Prompt: A word-for-word copy of the following listing is needed. Leave out its images.

Data below:
□ □ □ □ □

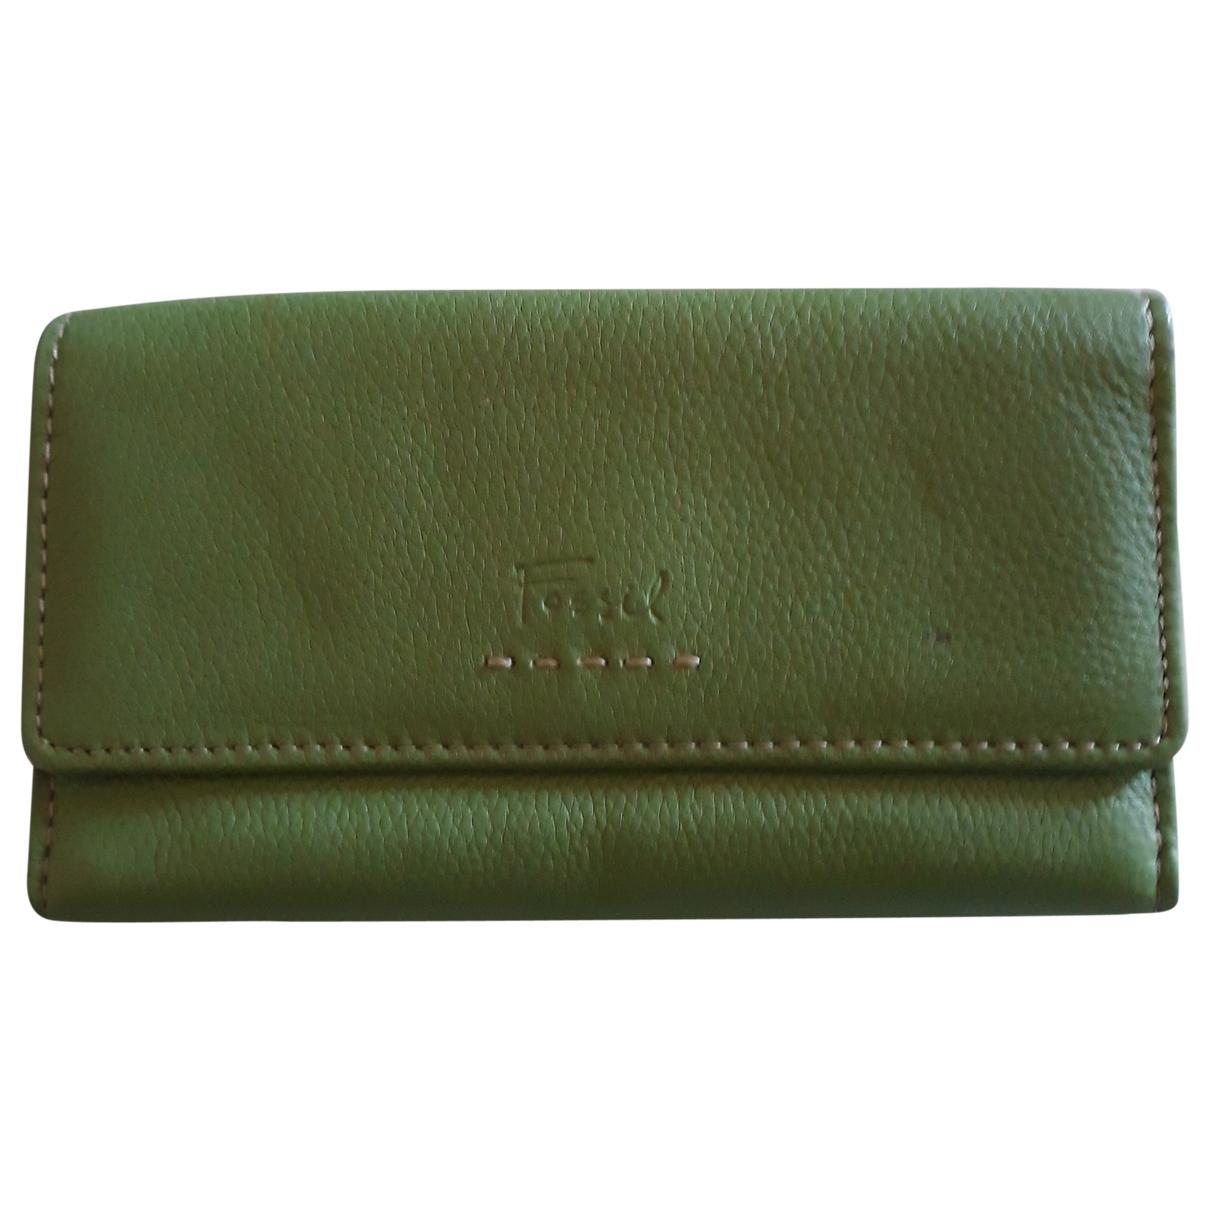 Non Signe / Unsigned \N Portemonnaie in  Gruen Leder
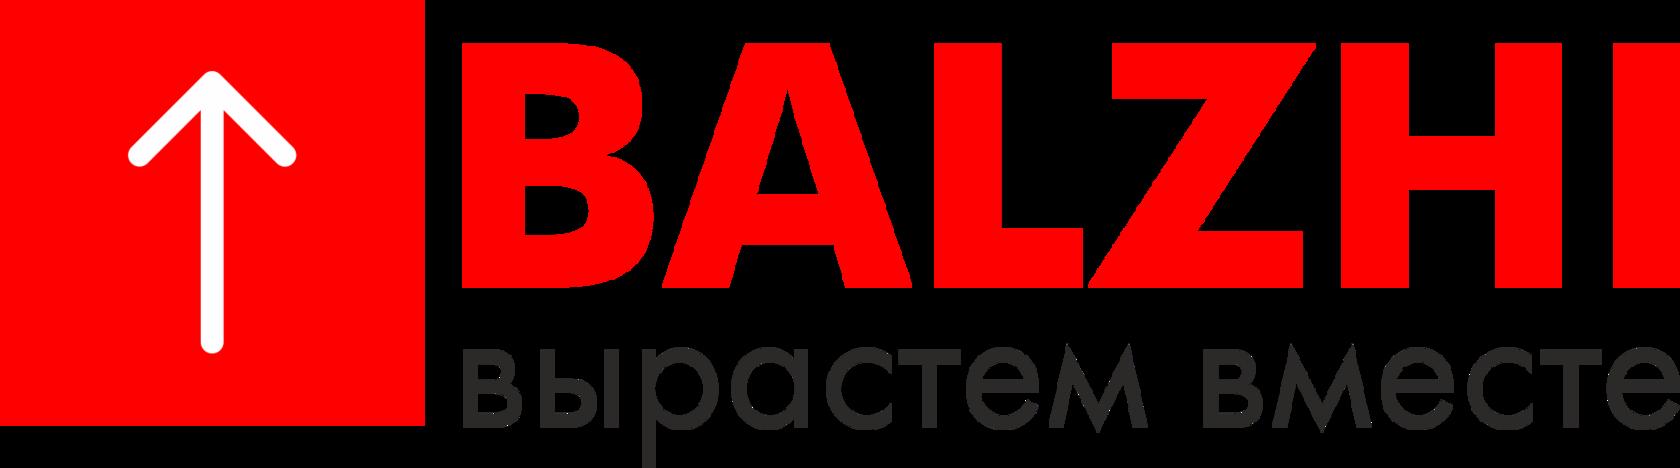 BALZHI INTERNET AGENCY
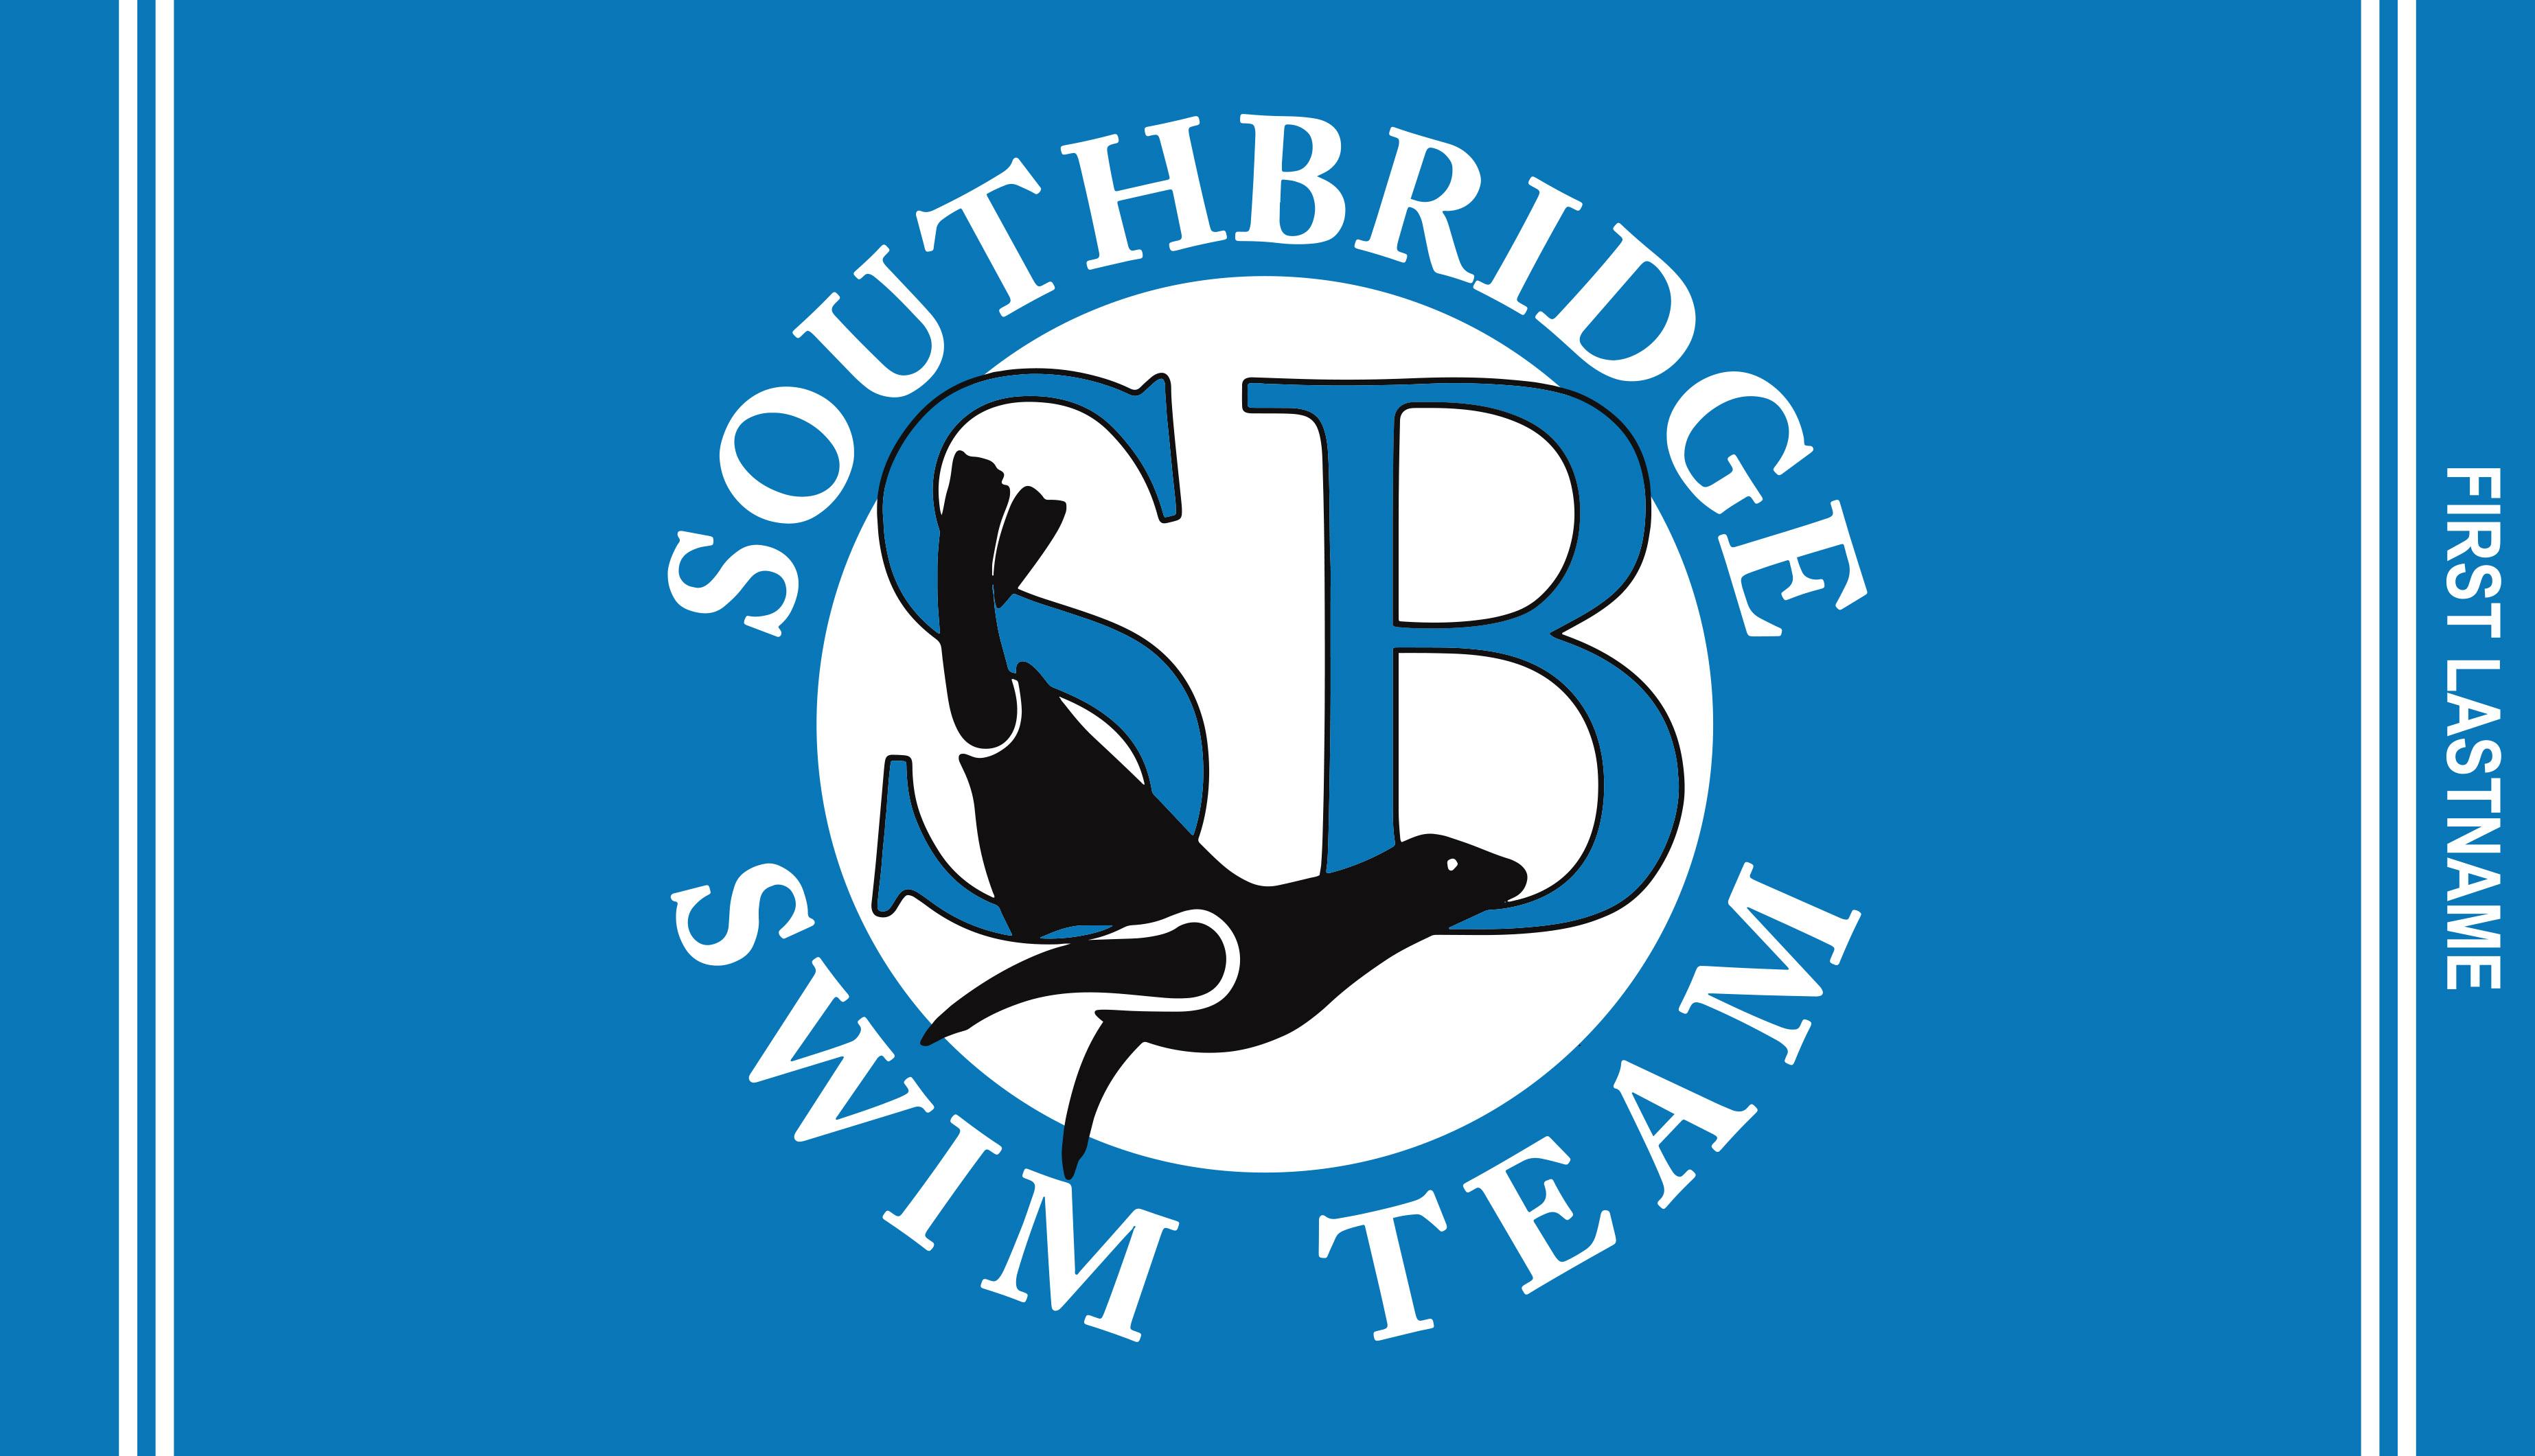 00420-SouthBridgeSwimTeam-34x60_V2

□ □ □ □ □

Exercise solution:
 Non Signe / Unsigned \N Portemonnaie in  Gruen Leder
 BALZHI INTERNET AGENCY
 00420-SouthBridgeSwimTeam-34x60_V2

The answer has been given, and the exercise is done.